UI/UXをディレクションするとき、色彩とアクセシビリティの資格が効いた
PdMがデザインの専門家になる必要はありません。ただ、好みの議論に逃げない言語は持っておきたいと思い、色彩とアクセシビリティの学習に取り組みました。WCAG 2.1 では、テキストと背景のコントラストに最低限の基準が示されます(W3C)。現場で効いたのは、正解を独断する力ではなく、判断の根拠を共有できることです。本稿は、デザイナー・エンジニアとの会話が速くなったポイントのメモです。 会議で「なんか見づらい」が出た瞬間、PdMが黙ると好みの殴り合いに落ちやすい。デザインの専門家になる必要はない。好みの議論に逃げない言語だけは欲しい——そう思い、色彩とアクセシビリティの学習に取り組みました。

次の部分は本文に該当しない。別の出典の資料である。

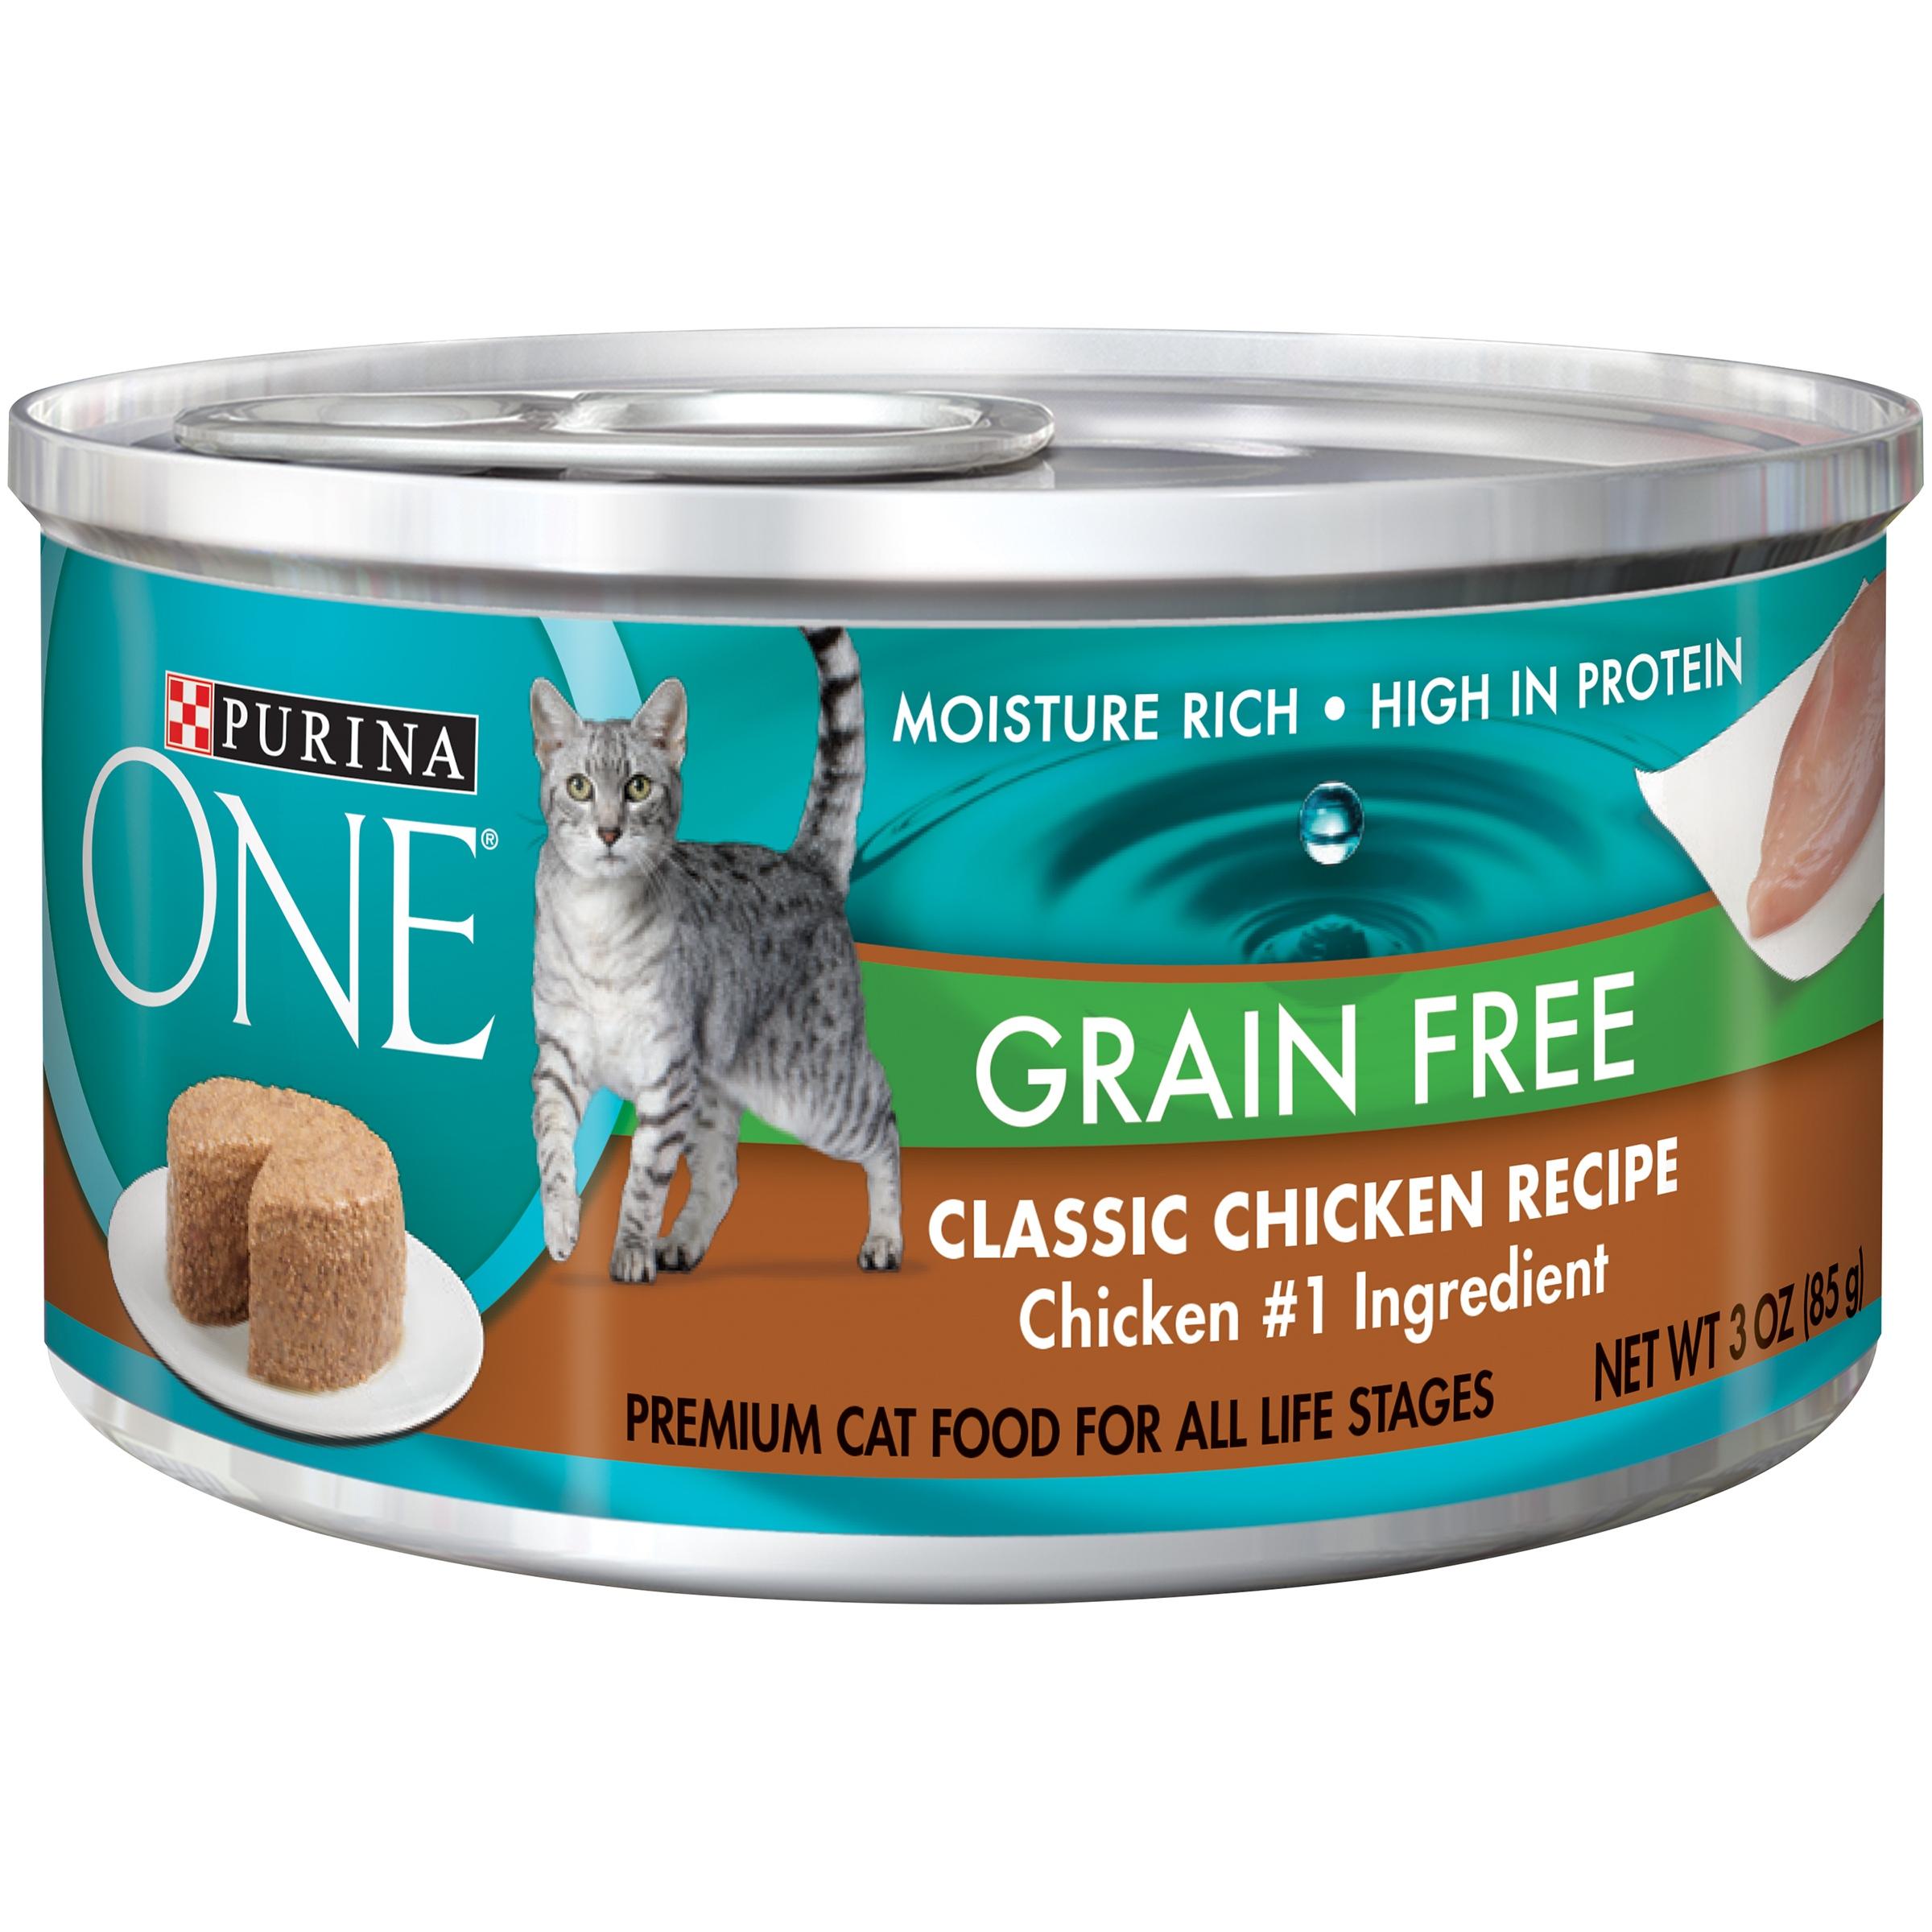 Purina ONE Grain Free Formula Classic Chicken Recipe Premium Pate Cat Food 3
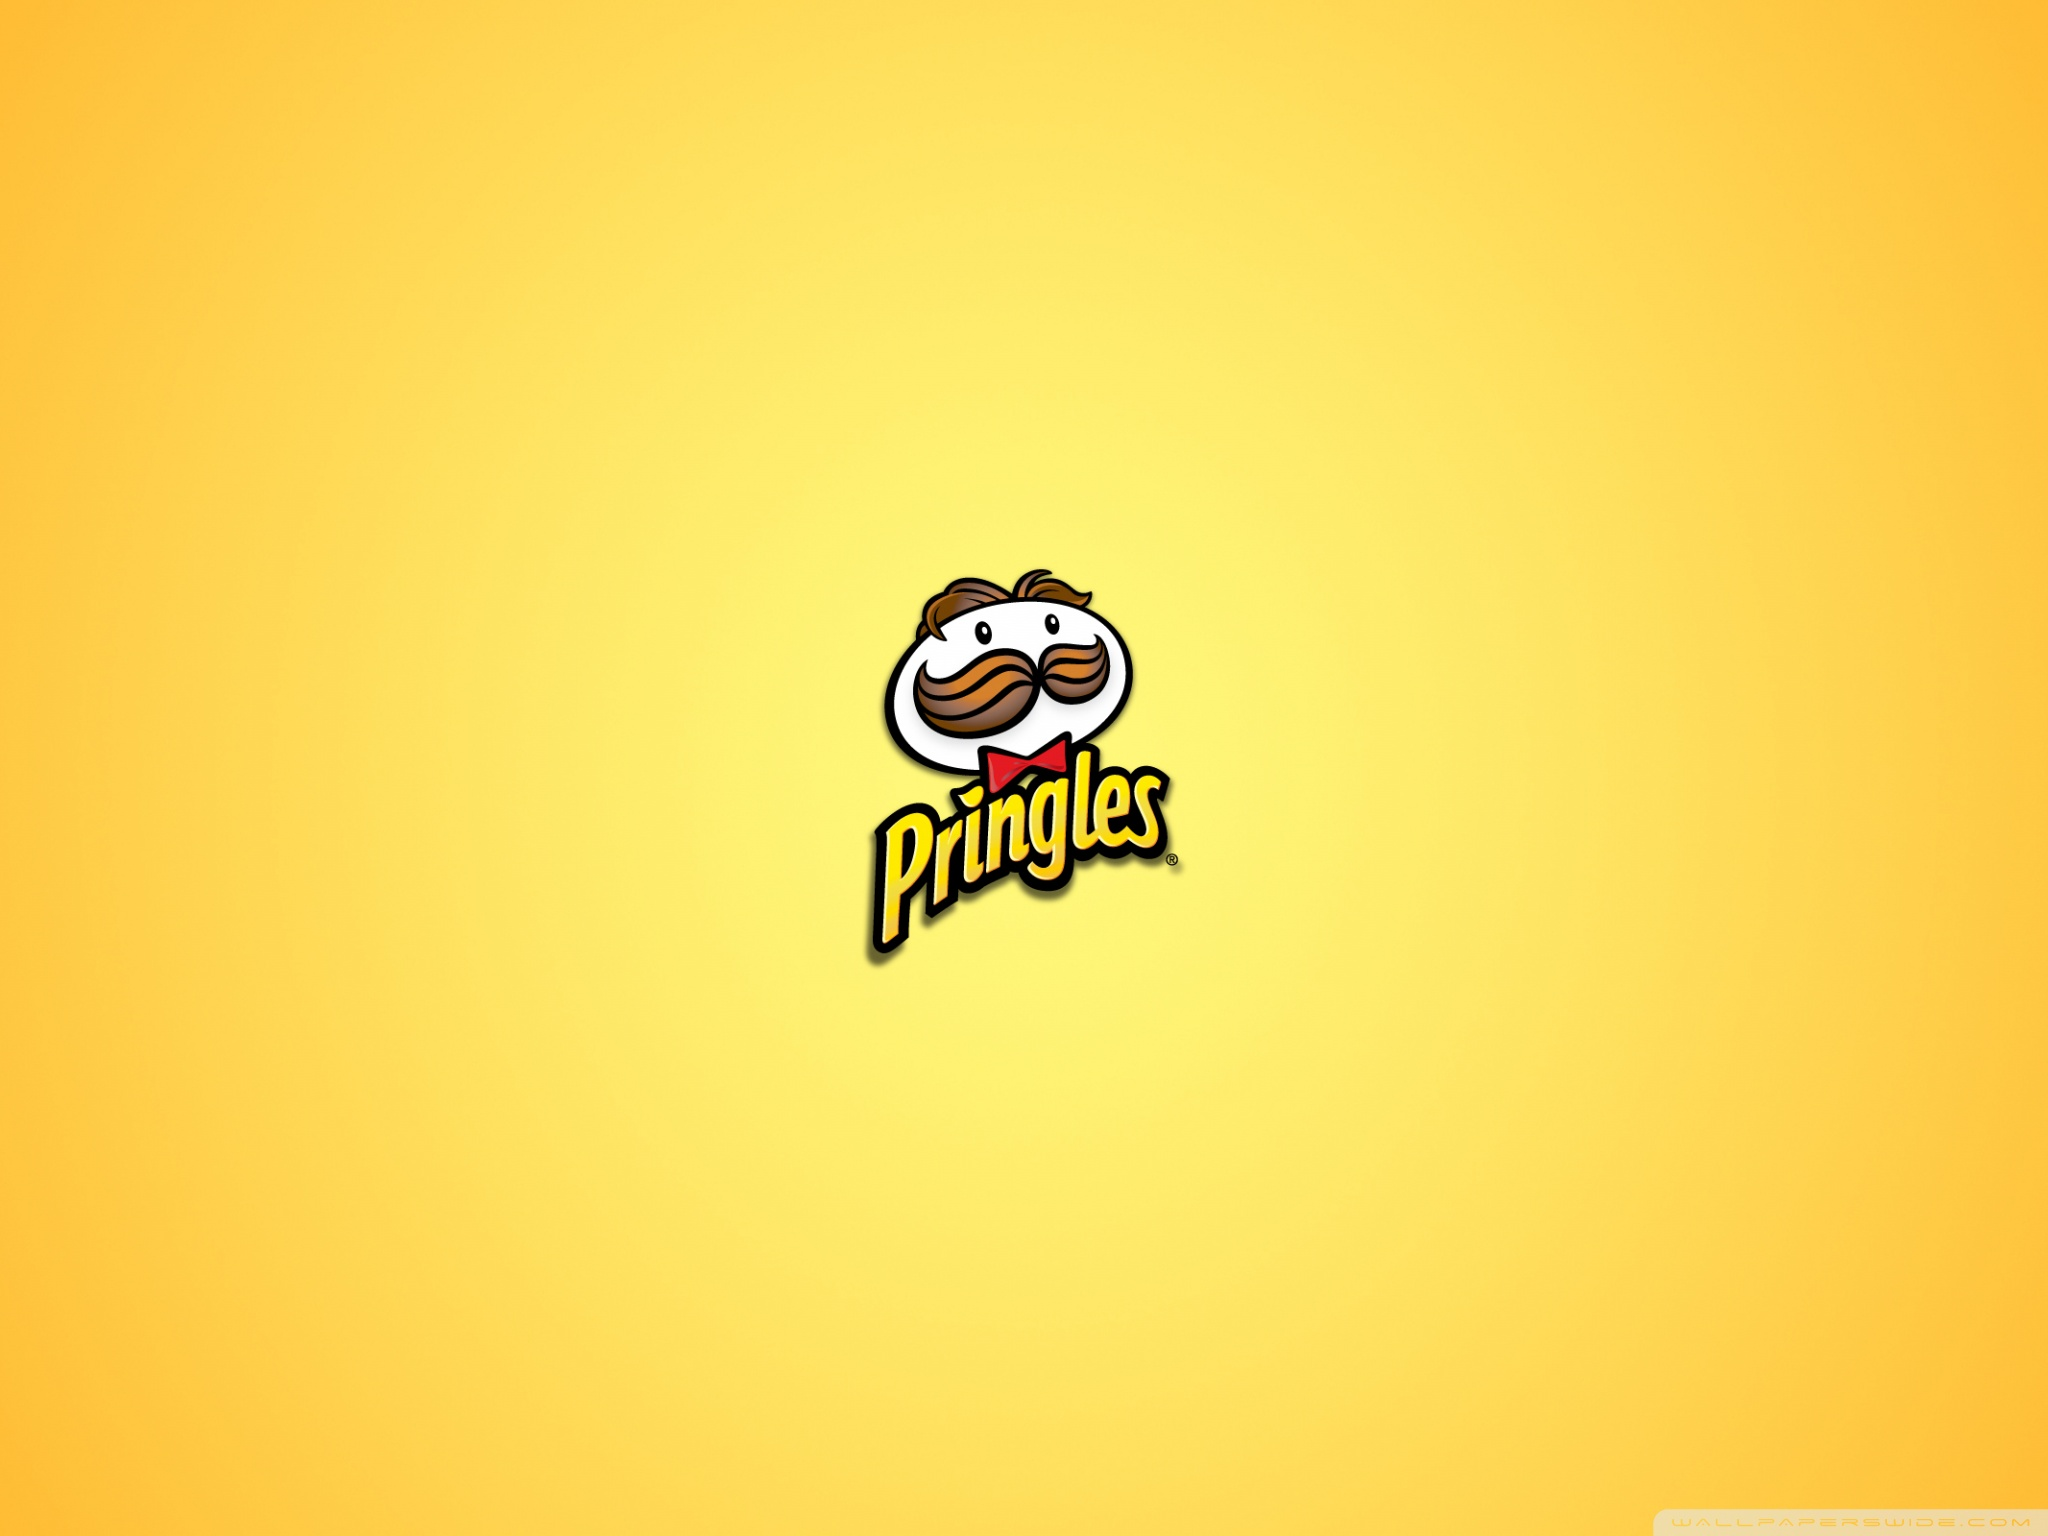 Pringles Guy 4K HD Desktop Wallpaper for 4K Ultra HD TV Dual 2048x1536

資格試験を宣伝したいわけではありません。いちばん見たくないのは、学んできた側の手でa11yが正義の棍棒に化ける光景です。WCAG 2.1 では、テキストと背景のコントラストに最低限の基準が示されます(W3C)。現場で効いたのは、正解を独断する力ではなく、判断の根拠を共有できることです。
資格がくれたのは「権威」ではなく語彙
私は配色を決めません。決めるのはデザイナーです。ただ、トレードオフの軸は一緒に言語化したい。
コントラストの会議を、好みにしない
届いていないなら、色を変えるか、テキストの役割を変えるか。二択に落とすと会議が進みます。
トークンとテーマ
「この色、どのトークン?」と聞くようにしました。トークンがないなら、暫定でも名前をつける。
フォーカスとキーボード
主要フローをTab キーだけで通す試験を、リリース前の一週だけでも入れました。
正しさで圧をかけない
「いまのリリースで守るライン」と「次で伸ばすライン」を分けて書き、前に進んだ事実を先に認めました。
まとめ
正しさの棍棒は短距離で効く。チームは長距離で離れる。
アクセシビリティは押し付けじゃない。体験の設計だ。色彩の学習は美意識より、会議の単位を揃えるほうに効いた。コントラスト、役割、トークン、テーマ。単語が揃うと、デザイナーとエンジニアのあいだを行き来する速度が上がる。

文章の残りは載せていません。